> **TASK DETAILS**
A faithful copy of the listing below is needed, with its pictures left out.

> **GIVEN INFORMATION**

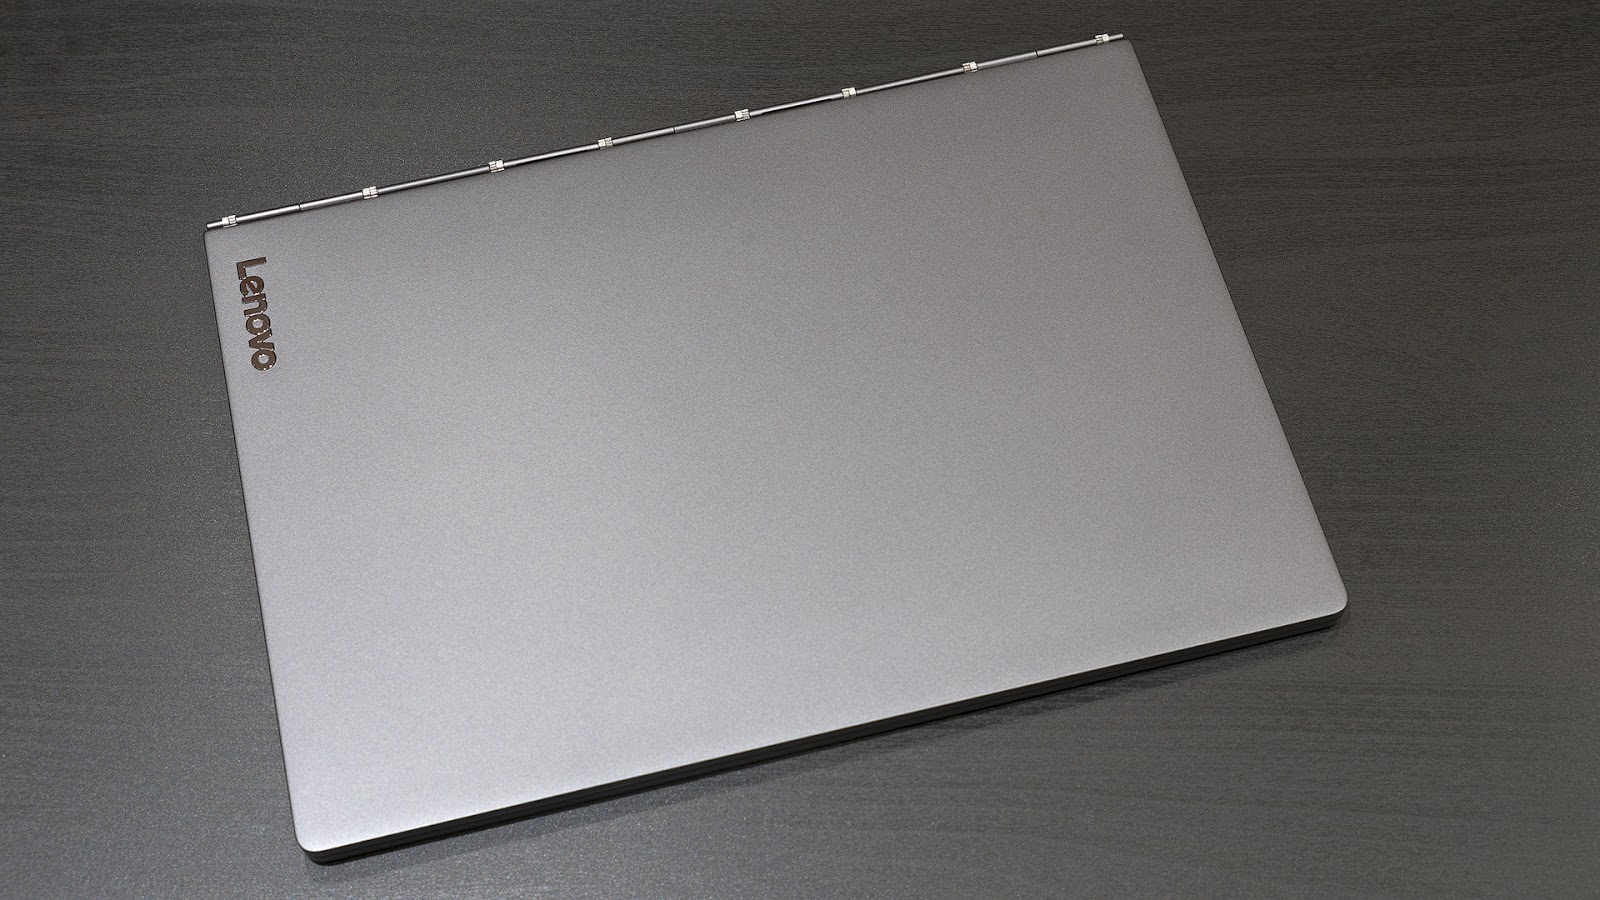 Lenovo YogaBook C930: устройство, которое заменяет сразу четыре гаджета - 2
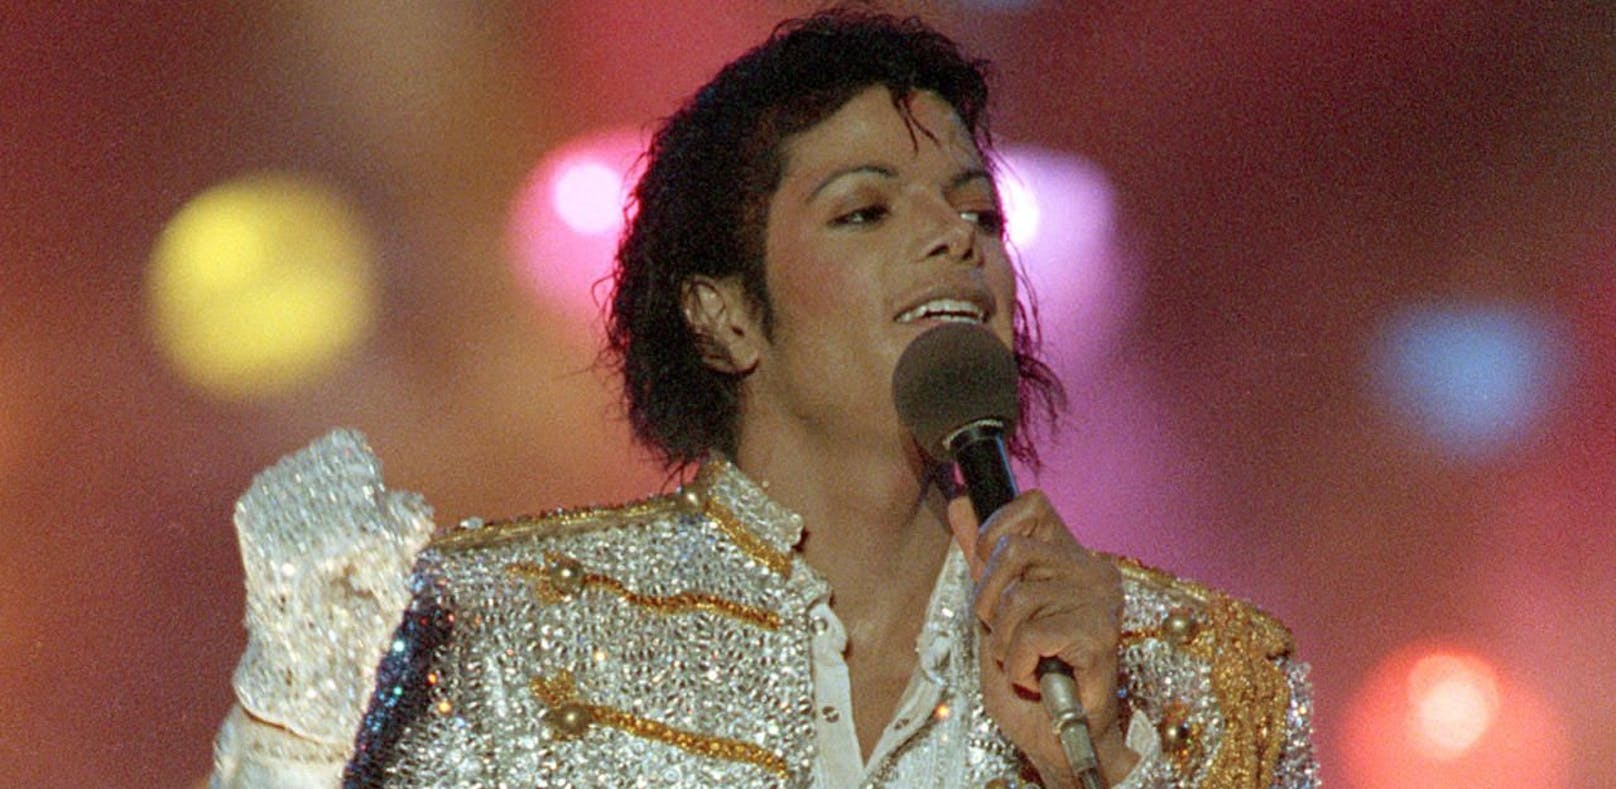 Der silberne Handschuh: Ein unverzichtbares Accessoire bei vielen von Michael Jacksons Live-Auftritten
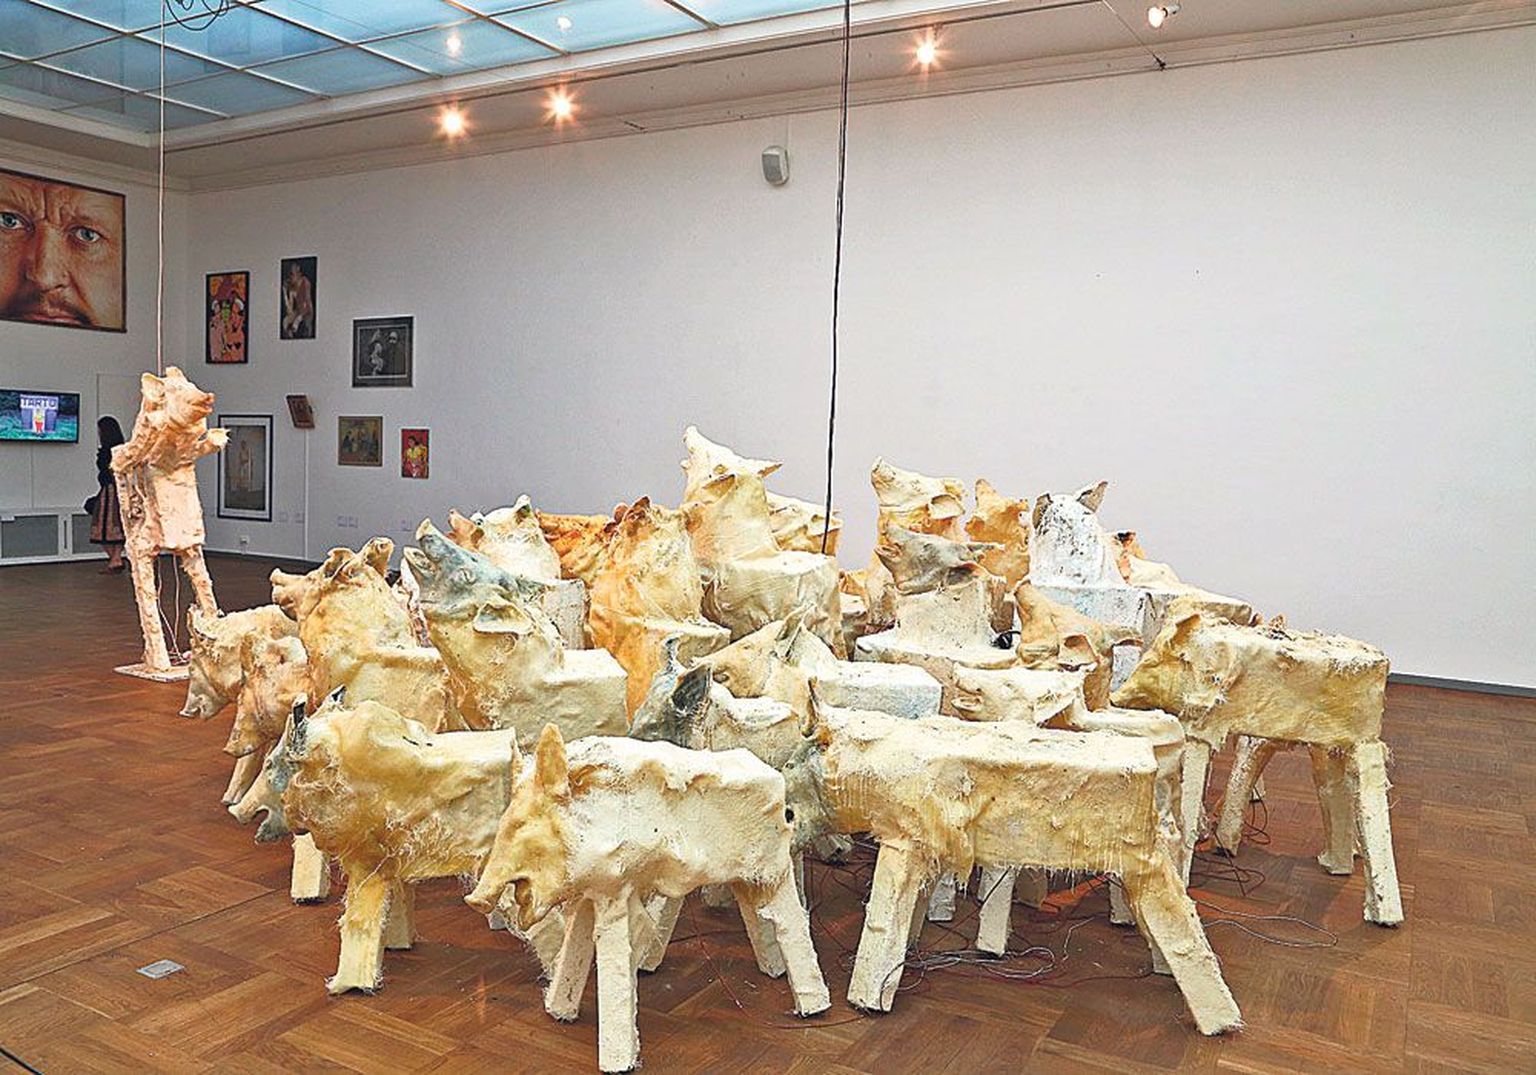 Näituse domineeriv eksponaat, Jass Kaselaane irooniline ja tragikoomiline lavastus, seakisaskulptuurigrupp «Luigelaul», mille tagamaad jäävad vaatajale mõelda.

> **SOLUTION TO THE EXERCISE**
 Lenovo YogaBook C930: устройство, которое заменяет сразу четыре гаджета - 2
 Der silberne Handschuh: Ein unverzichtbares Accessoire bei vielen von Michael Jacksons Live-Auftritten
 Näituse domineeriv eksponaat, Jass Kaselaane irooniline ja tragikoomiline lavastus, seakisaskulptuurigrupp «Luigelaul», mille tagamaad jäävad vaatajale mõelda.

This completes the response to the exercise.